PART A – THE COMPANY (8 x 1 = 8 marks)
Question 1
Describe the company’s principal operating activities.
Question 2
Directors of a company will often own shares in the company as well. Name the chairman of Blackmores’ board of directors and identify the number of shares the chairman held in the company at the end of their 2011 financial year (financial year ends June 30, 2011).
Question 3
The annual report contains a number of reports with only some of these being ‘financial reports’. Name all of the financial reports in Blackmores’ 2011 annual report.
Question 4
Using the 2011 Annual Report, identify the number of the note that deals with Significant Accounting Policies and identify the method of depreciation the company uses to depreciate property, plant and equipment.

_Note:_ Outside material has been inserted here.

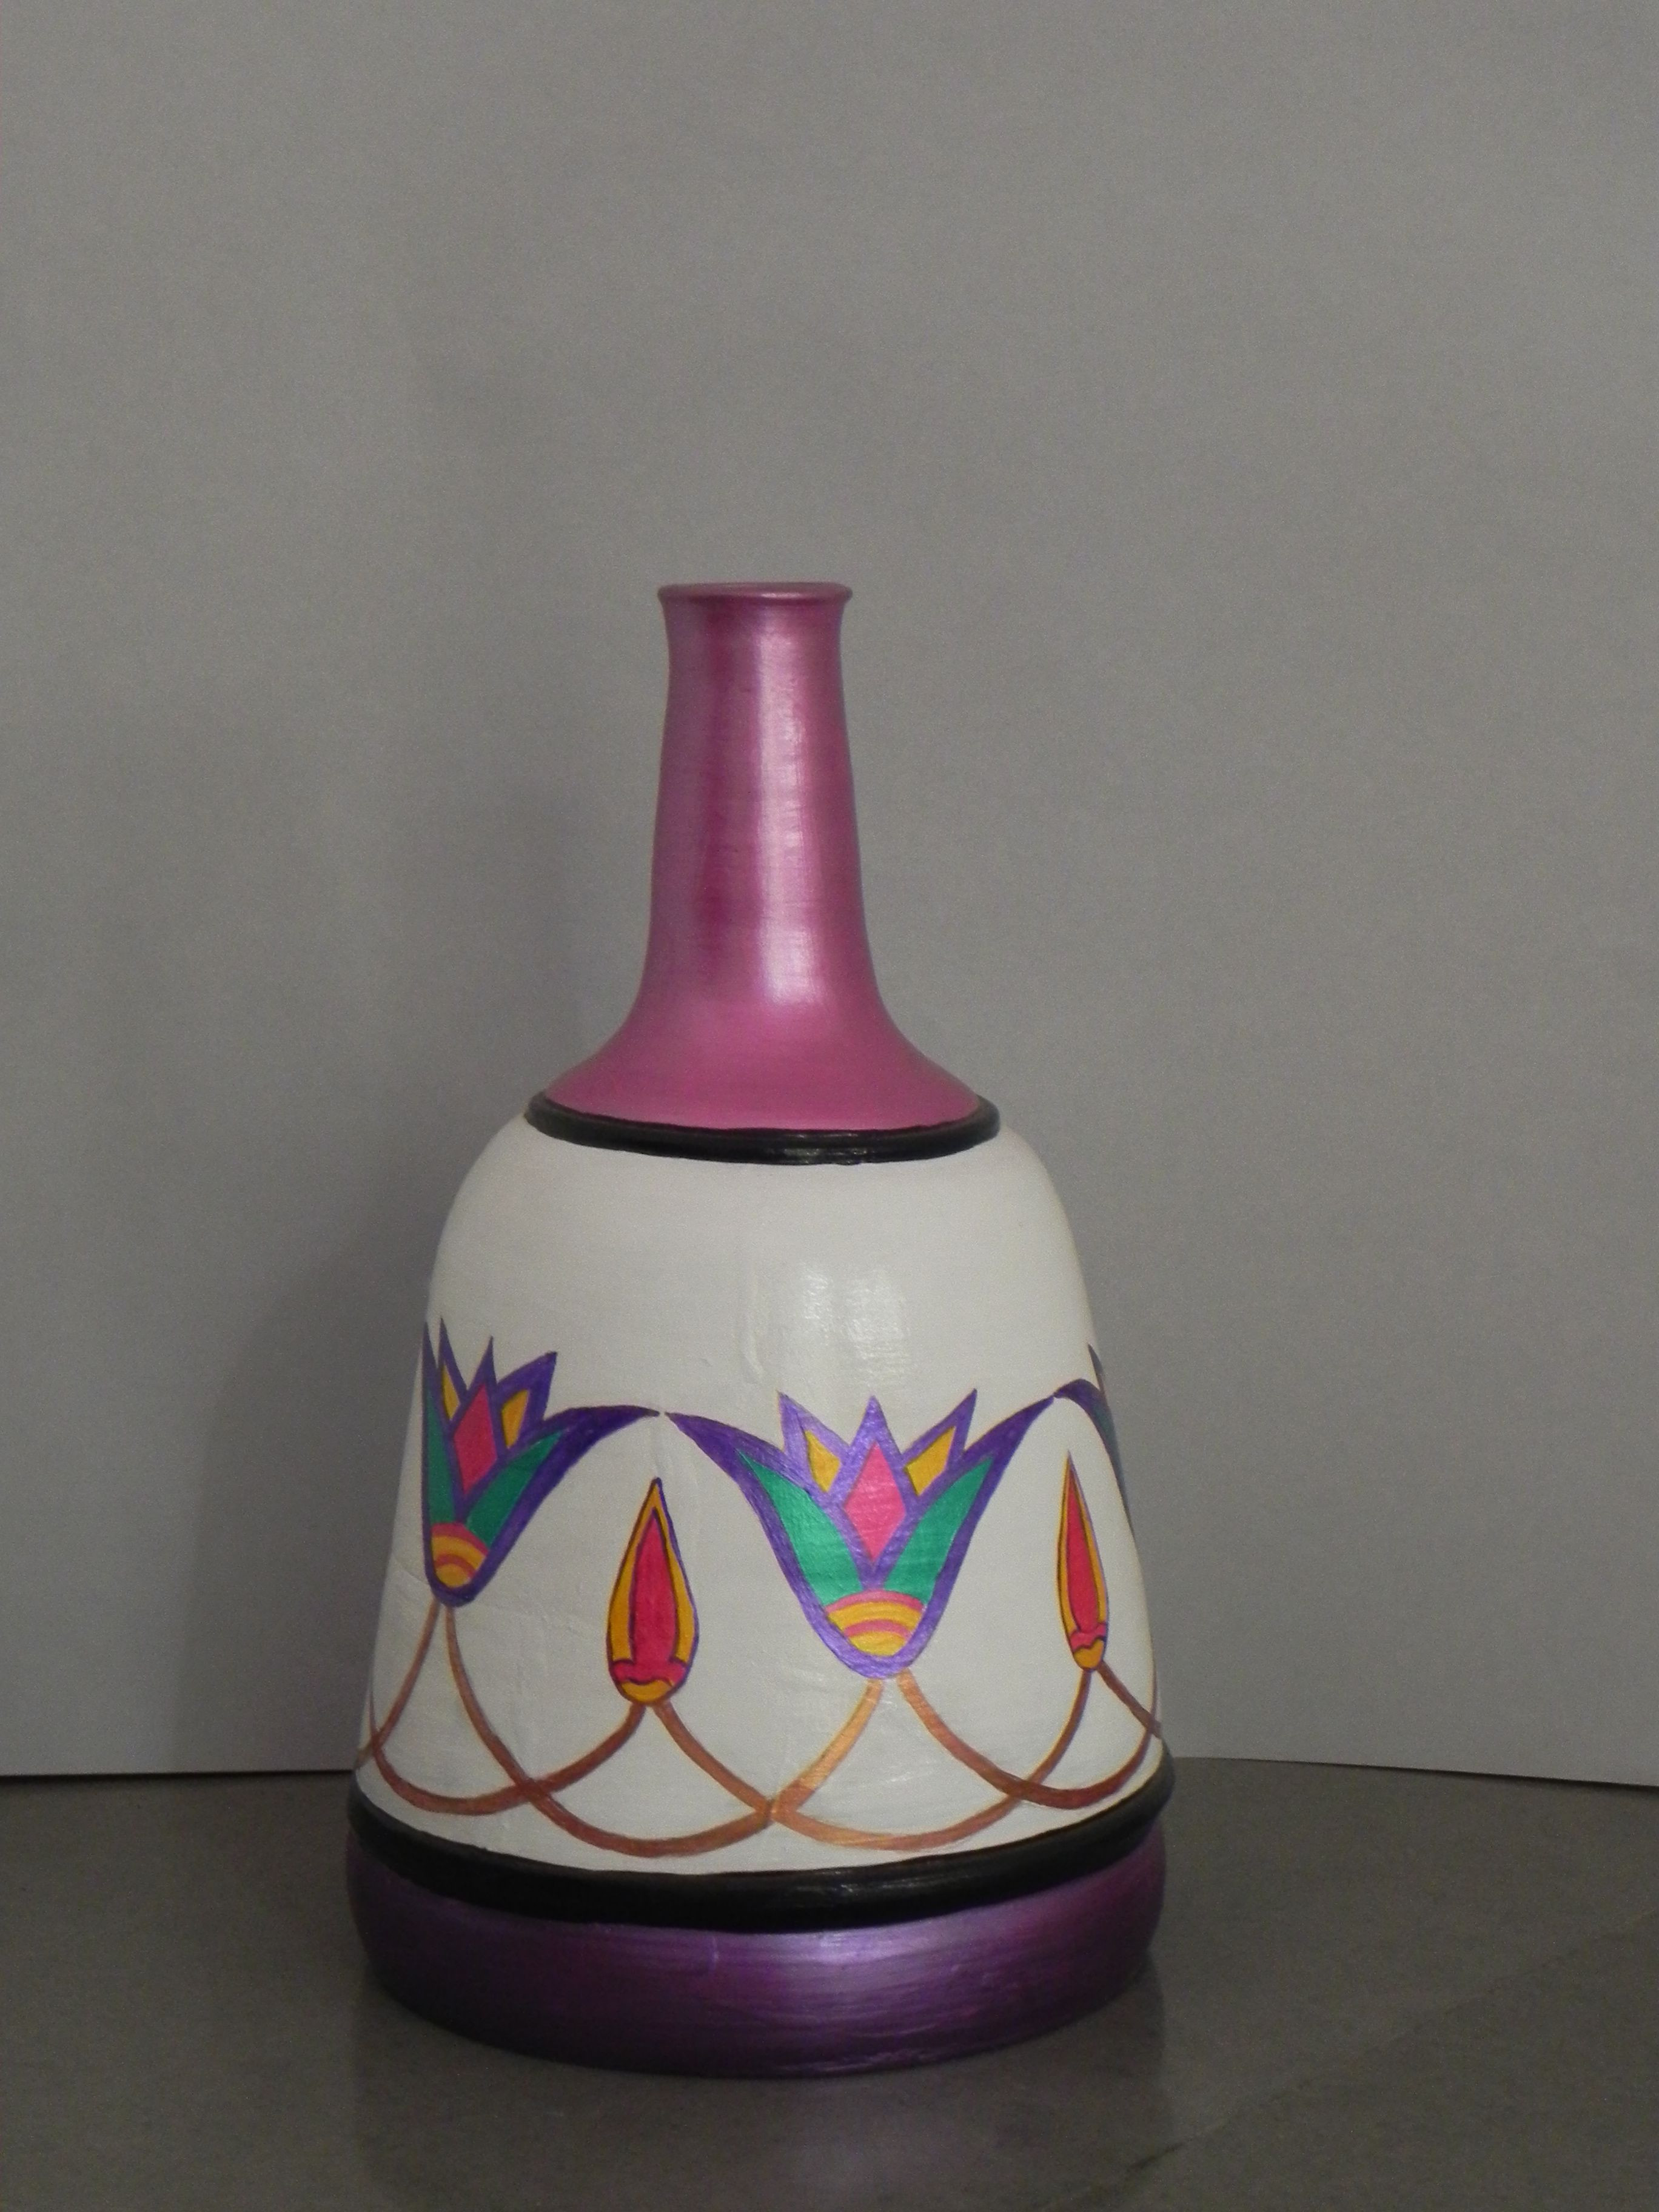 12 Recommended Extra Large Ceramic Vases 2024 free download extra large ceramic vases of egyptian style pot floral design in egyptian style white background within egyptian style pot floral design in egyptian style white background pink neck violet b

What is the underlying assumption of this method in relation to the usefulness of property, plant and equipment?
Question 5
Explain what is meant by the term ‘corporate governance’ and list the eight principles of corporate governance that Blackmores adheres to.
Question 6
Describe the purpose of the external auditor’s report, and name the audit firm engaged by Blackmores in 2011.
Question 7
With reference to the consolidated entity:
- What is the total amount of revenue and other income in 2011?
- What are the two revenue items?
- What is the ‘other income’ comprised of? (You must refer to the relevant note to find the answer to this.)
Question 8
Again with reference to the consolidated entity:
- What is the amount of cash receipts from customers in 2011?
- Why does this amount differ from the 2011 sales figure?
PART B – Analysis of financial information (12 marks)
Question 1 (4 marks)
Using the consolidated figures for Blackmores Ltd, calculate the following ratios for the years 2010 and 2011. Ratios are to be shown at one decimal place. (You must show all your workings. Where no workings are shown you will receive zero for this section.)
- Current ratio
- Acid test ratio
- Gearing ratio
- Interest cover ratio
Question 2 (2 marks)
You have been provided with the following information about another company, Company X, in the same industry as Blackmores Ltd:
COMPANY X | ||
Ratio | 2011 | 2010 |
Current ratio | 2.1 | 1.8 |
Acid test ratio | 1.2 | 1.5 |
Gearing ratio | 60% | 80% |
Interest cover ratio (times) | 10.9 | 13.1 |
Using the information above and the calculations in Part B Question 1, you are required to analyse the liquidity and financial gearing (leverage) of Blackmores Ltd and Company X by providing:
(a) a description of the movement in each of the ratios for Blackmores Ltd and an explanation of what this movement tells you about Blackmores Ltd;
(b) a description of the movement in each of the ratios for Company X and an explanation of what this movement tells you about Company X.
Question 3 (2 marks)
Assume you are considering becoming a creditor for Blackmores Ltd or Company X (from Part B Question 2 above). That is, you will only be providing credit to one of them. Explain which company you would prefer to provide goods to on credit and why you have chosen this company. You may consider both financial and non-financial information in making this decision.
Question 4 (4 marks)
Prepare a table similar to the table below. Complete the table by inserting information from Blackmores’ financial statements (consolidated figures). Calculate each item as a percentage (%) of sales revenue.
Financial Item |
2011 ($) |
% |
2010 ($) |
% |
Sales |
|
100.0 |
|
100.0 |
Total expenses |
|
|
|
|
Promotional and other rebates |
|
|
|
|
Raw materials and consumables used |
|
|
|
|
Employee benefits expense |
|
|
|
|
Selling and marketing expenses |
|
|
|
|
Profit for the year |
|
|
|
|
Refer to the table above to explain the performance of Blackmores in 2011 compared to 2010.
OTHER IMPORTANT INFORMATION
Format and Presentation:
The assignment needs to be presented and formatted according to the guidelines shown in this semester’s Course Guide.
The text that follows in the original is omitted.